Molecular ‘samurai sword’ controls plant growth
While the green nature that surrounds us flourishes, researchers from AMOLF and Wageningen University & Research reveal the secrets of a special protein that conducts this plant growth. Using a smart simulation program the researchers found out how this protein named katanin operates. They published their findings on June 19th in the journal PNAS.
Katanin, named after the Japanese word for samurai sword (katana) lives up to its name. The protein severs the microtubules – tube-like protein structures that serve as a scaffold for the basic building blocks of plants such as cellulose – at both the right time and the right place. Partly as a result of this, the microtubules grow in the right direction and they guide further growth and division of the plant cells and consequently the development of the entire plant.
Extending microtubules
Microtubules can grow up to several tens of micrometers in length. They are located along the entire inside of the plant cell membrane and stretch out along the inside of the cell. The growth and division of a plant cell always takes place perpendicular to the direction in which the microtubules extend. “You can compare the cortical microtubule array (the scaffold structure formed by the microtubules, ed.) with a corset that you can unfold,” says Eva Deinum, first author of the publication and university lecturer at Wageningen University & Research (WUR). “Internally, plant cells are under considerable pressure, as a result of which they want to expand, grow and divide in all directions. The array determines in which direction that happens.’
Self-organizing mechanism
Plant cells are – certainly in comparison animal cells – incredibly large. For animal cells, a central distribution point for microtubules suffices. Plants, however, need a different ‘decentralized’ and self-organizing mechanism that carefully manages the growth of the microtubules. The ‘samurai sword protein’ katanin was found to play a crucial role in this mechanism.
Not indiscriminate severing
For a long time it was thought that katanin gave rise to more chaos because the number of degrees of freedom increases if the microtubules are severed in two. This conclusion proved to be too shortsighted, however. The group of researchers – all of them AMOLF alumini – under the leadership of Bela Mulder, who has been studying at AMOLF the cortical microtubule array since 2006, discovered that the protein does not severe indiscriminately. It works according to a fixed strategy, which guarantees that all of the microtubules grow in the right direction. “The microtubules are programmed in such a way that if they collide with each other – and therefore come into contact with each other – they stop growing and even start to shrink,” says Mulder. “That is the basic mechanism underlying the organization. The katanin comes into action as a backup to this basic mechanism, if two microtubules cross each other without colliding, in other words if they do not grow in the same direction. Here we can see that the protein usually severs the microtubule lying on top, i.e. the tube that arrived last.”
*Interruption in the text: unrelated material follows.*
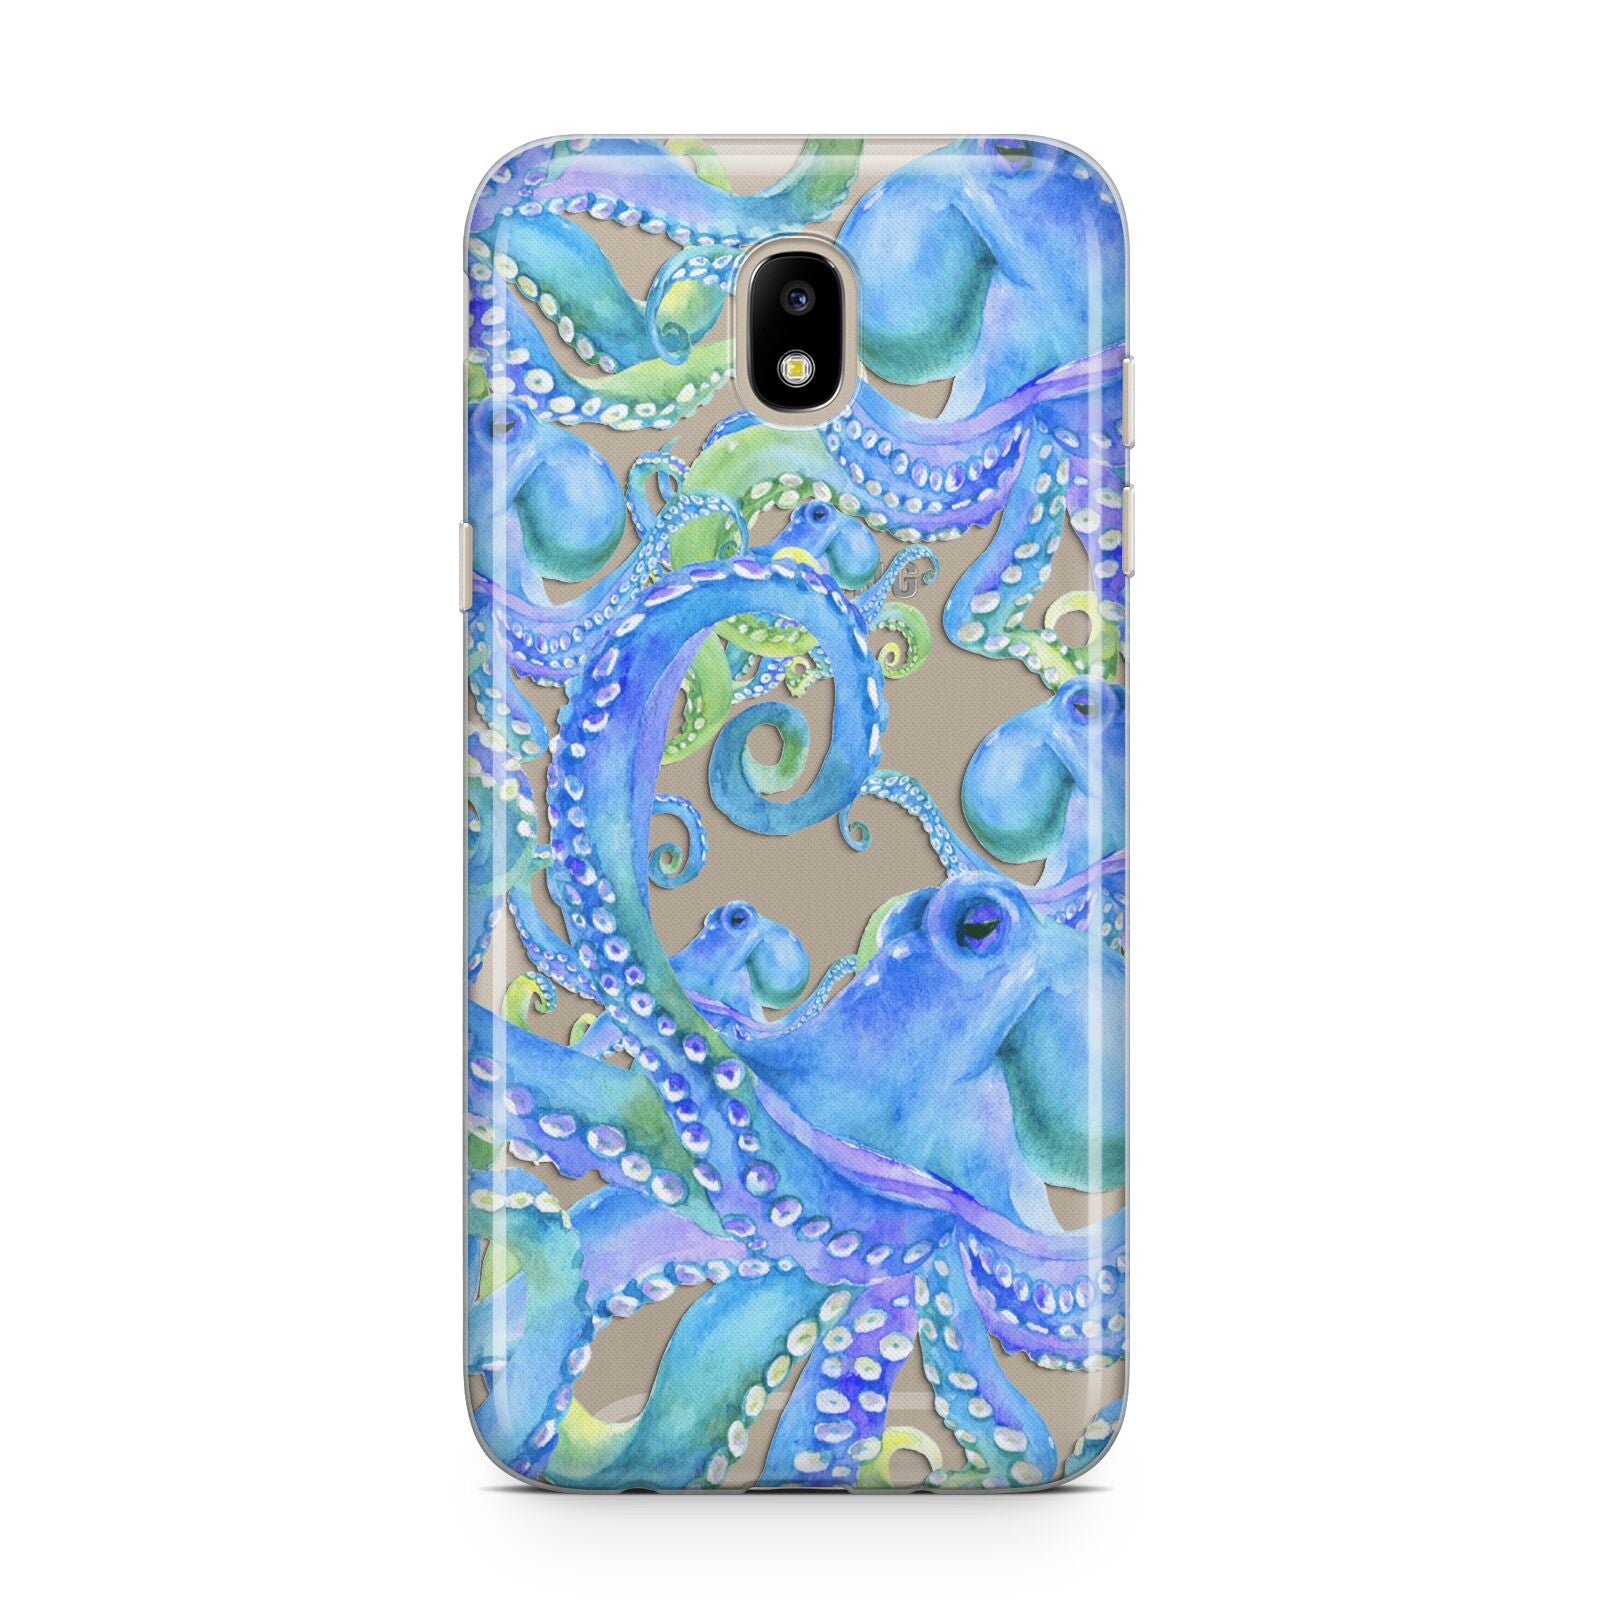 Octopus Samsung J5 2017 Case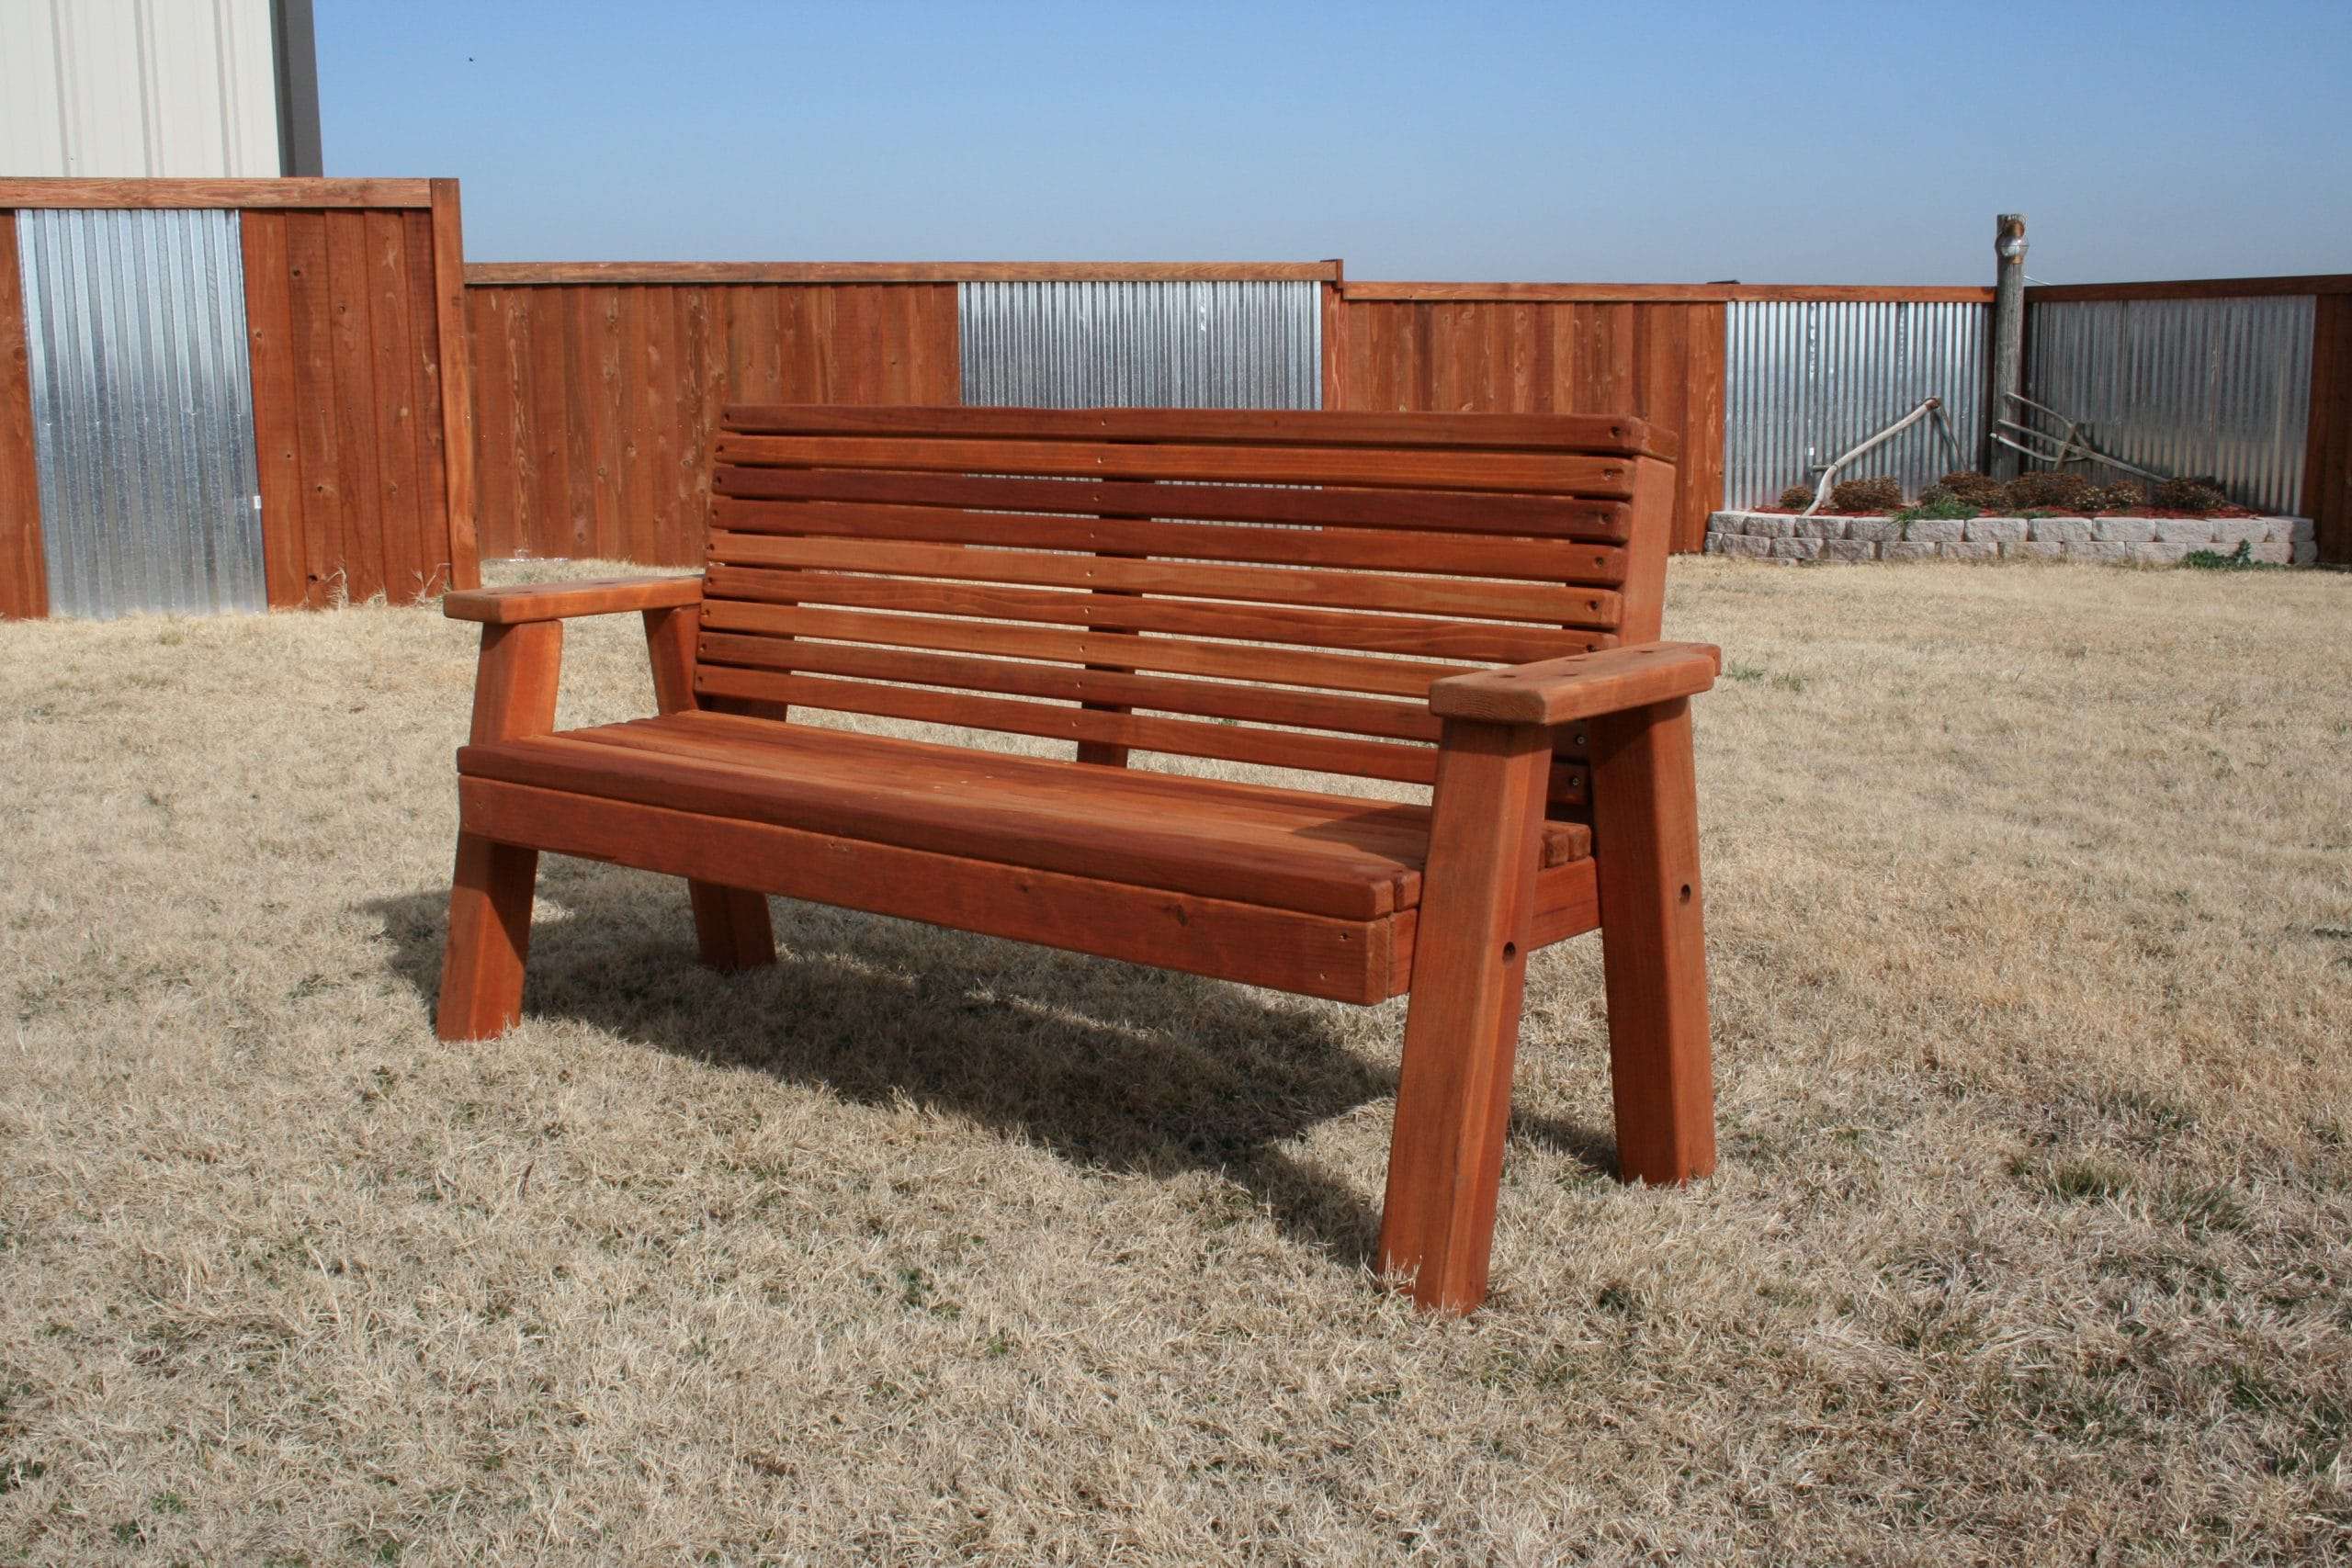 five foot redwood park bench shown in yard

With these observations the researchers have solved the ‘katanin paradox’. They have demonstrated that katanin guides a selection mechanism that promotes the organization of the microtubules – the corset in which they are packed together.
‘In silico’ tests
A vital aspect of the research was the simulation program that Mulder’s group used. This was originally developed by his former PhD student Simon Tindemans and subsequently expanded and refined by Eva Deinum during her doctoral research at AMOLF. Using that program the researchers could observe how small variations in the katanin protein led to radically different severing behavior, which resulted in complete chaos. In the simulations, the group performed ‘in silico’ tests of the effect of various possible mutations on the protein’s functioning. This revealed that only the natural, non-mutated variant possessed the correct severing strategy.
The high simulation speed achieved thanks to the smart algorithm was crucial for the success of the research says Deinum. “As a result of this we could run simulations 10.000 times faster than those of competing research groups. We not only worked far faster but we could also test more variations of external parameters and conditions. This made a qualitative difference to the results we obtained as well. For example, we could accurately determine the conditions under which the kantanin protein promoted the ordering.”
Reference
Eva E. Deinum, Simon H. Tindemans, Jelmer J. Lindeboom, en Bela M. Mulder, How selective severing by katanin promotes order in the plant cortical microtubule array, PNAS (2017) | DOI: 10.1073/pnas.1702650114
Snapshots of computer simulations illustrate the effects of the different ways in which katanin cuts and orders microtubule. The left part illustrates how the increasingly random way in which katanin cuts suppresses the structure. The right part illustrates how the structure improves as a result of selective cutting of the microtubule that lays on top of the crossing.